Model Properties for Efficient Synthesis of Nonblocking Modular Supervisors

TL;DR

This paper introduces a new method for synthesizing nonblocking modular supervisors efficiently by analyzing control problem dependency graphs to avoid computationally expensive synthesis steps.

Contribution

It proposes a format for control requirements and a graph-based method to ensure controllability and nonblockingness, reducing synthesis complexity.

Findings

Method effectively localizes blocking issues in cyclic graphs.

Application to case studies demonstrates improved scalability.

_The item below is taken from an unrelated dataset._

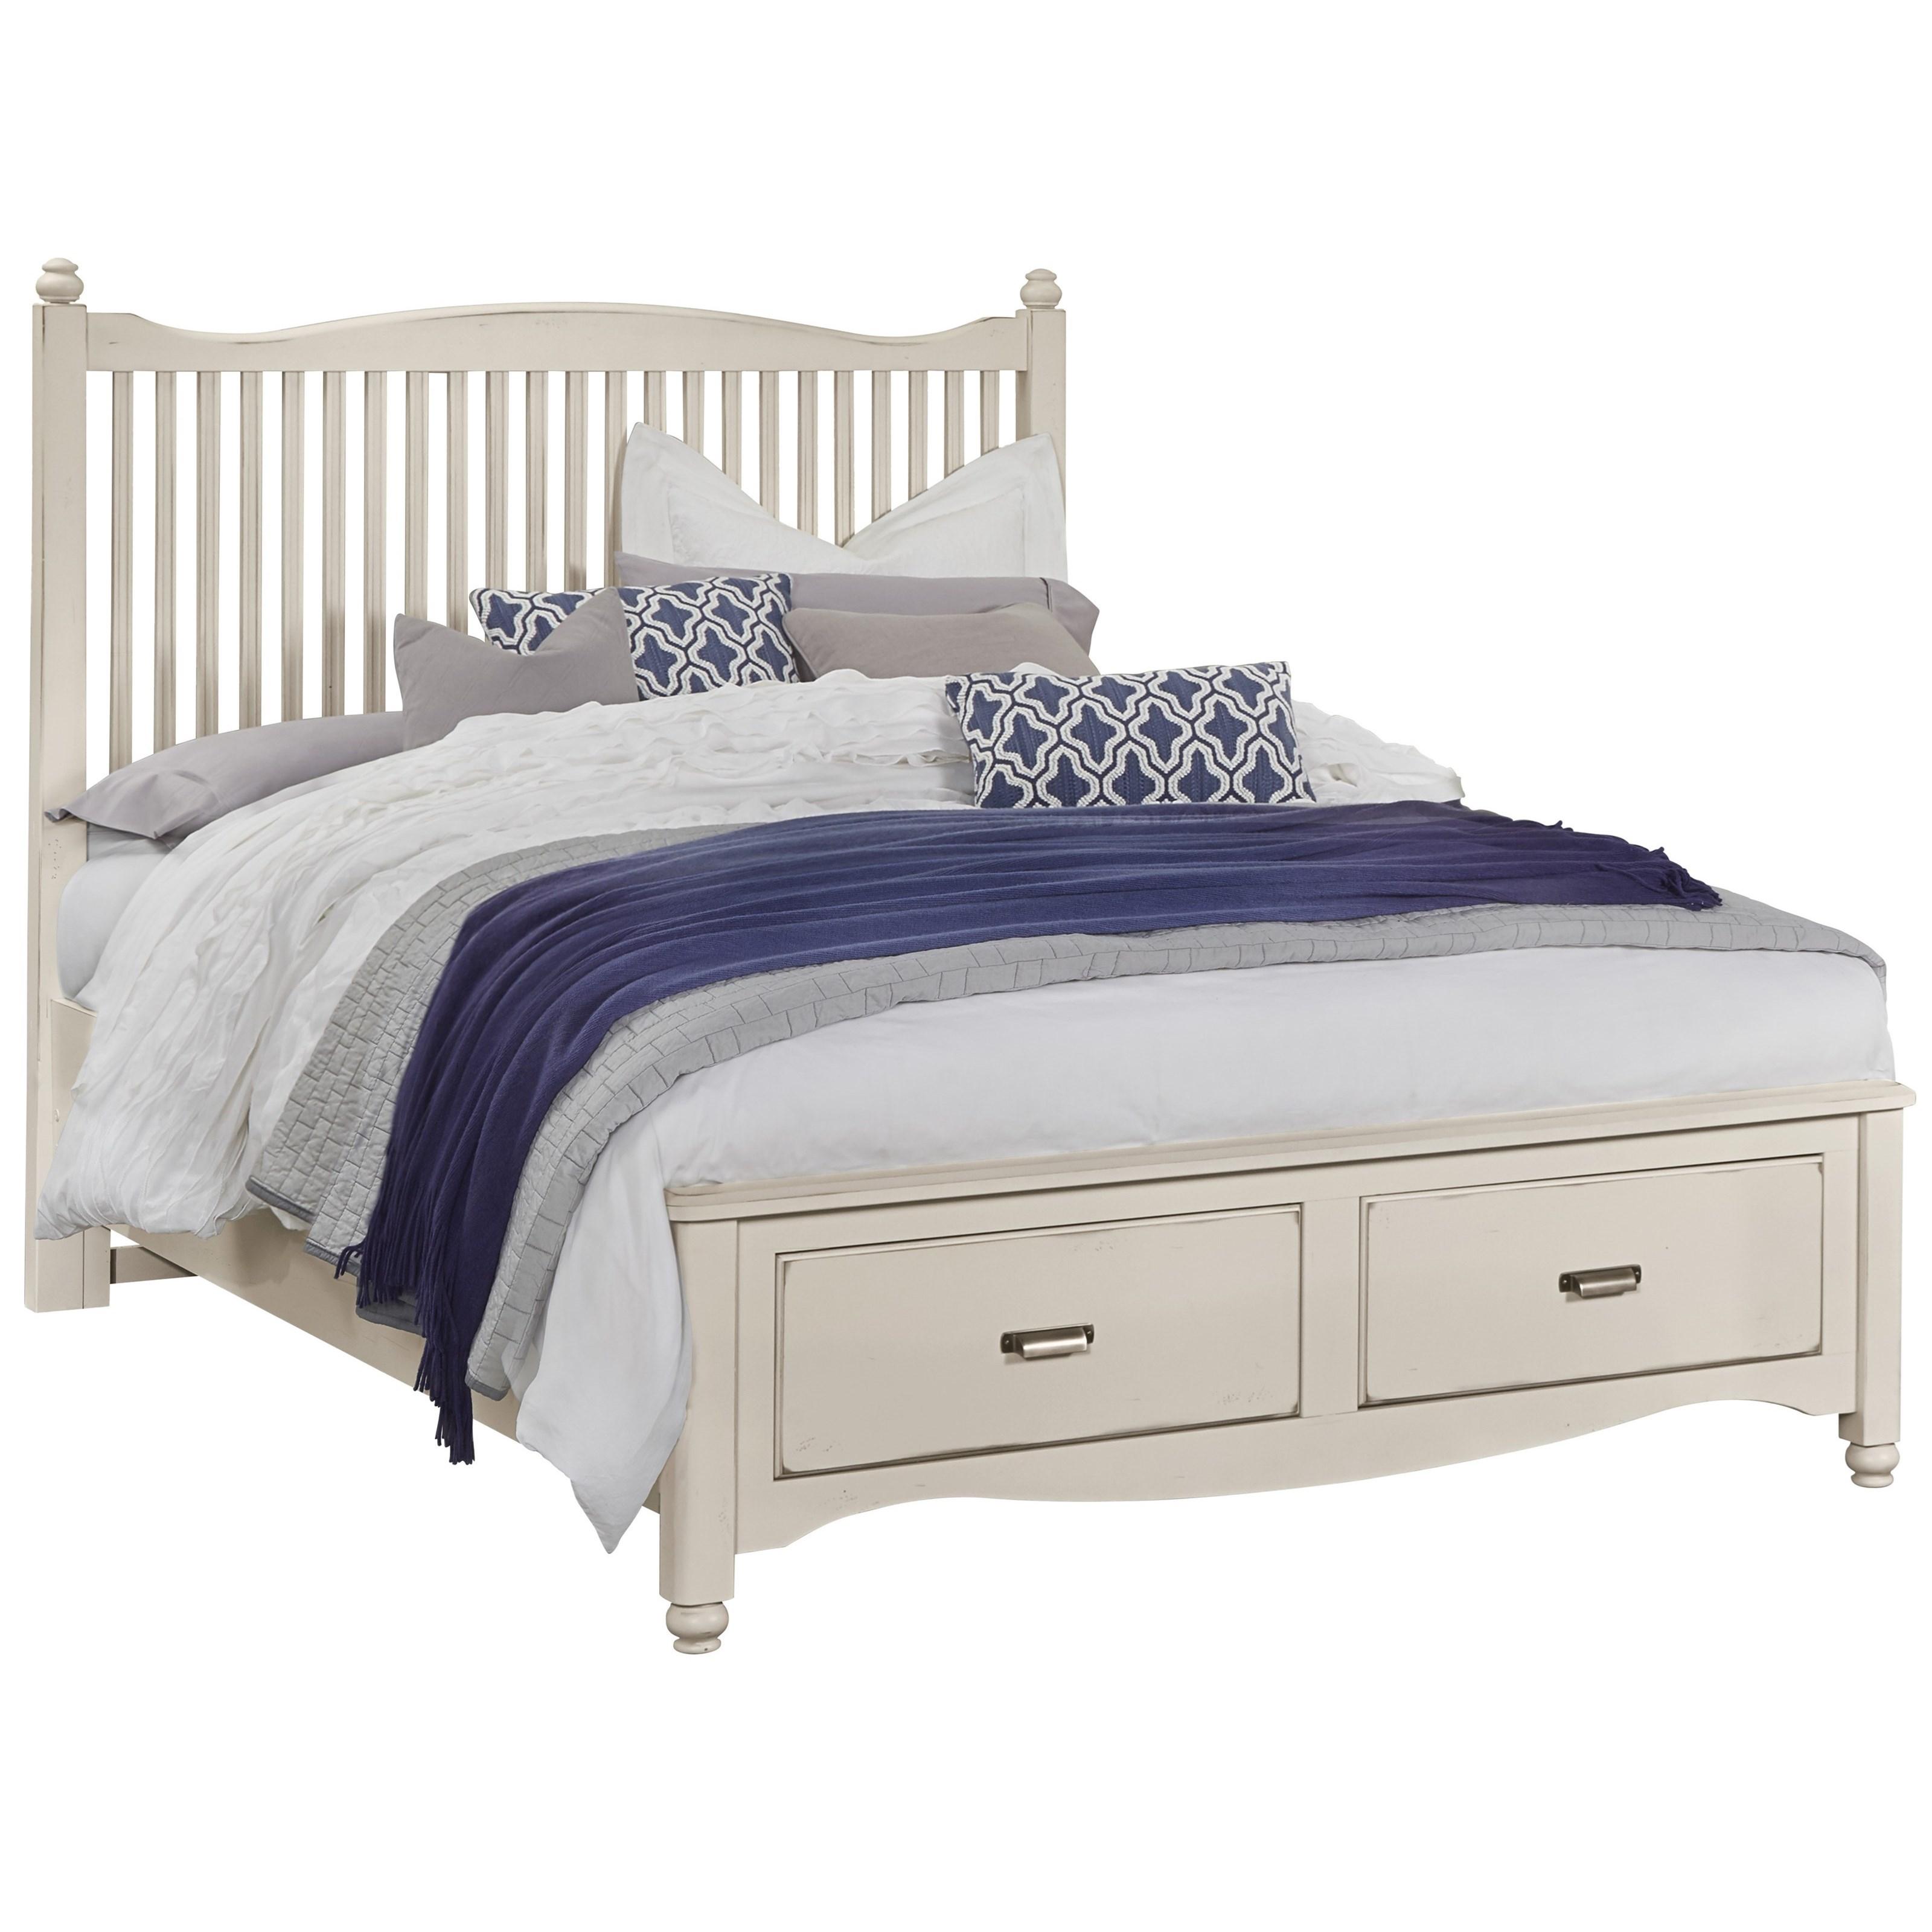 Vaughan Bassett American Maple King Slat Storage Bed - Item Number: 404-667+066B+502+666T

Reduces computational effort in supervisor synthesis.

Abstract

Supervisory control theory provides means to synthesize supervisors for systems with discrete-event behavior from models of the uncontrolled plant and of the control requirements. The applicability of supervisory control theory often fails due to a lack of scalability of the algorithms. The paper proposes a format for the requirements and a method to ensure that the crucial properties of controllability and nonblockingness directly hold, thus avoiding the most computationally expensive parts of synthesis. The method consists of creating a control problem dependency graph and verifying whether it is acyclic. Vertices of the graph are modular plant components, and edges are derived from the requirements. In case of a cyclic graph, potential blocking issues can be localized, so that the original control problem can be reduced to only synthesizing supervisors for smaller partial control problems. The strength of the method is illustrated on two case studies: a production line and a roadway tunnel.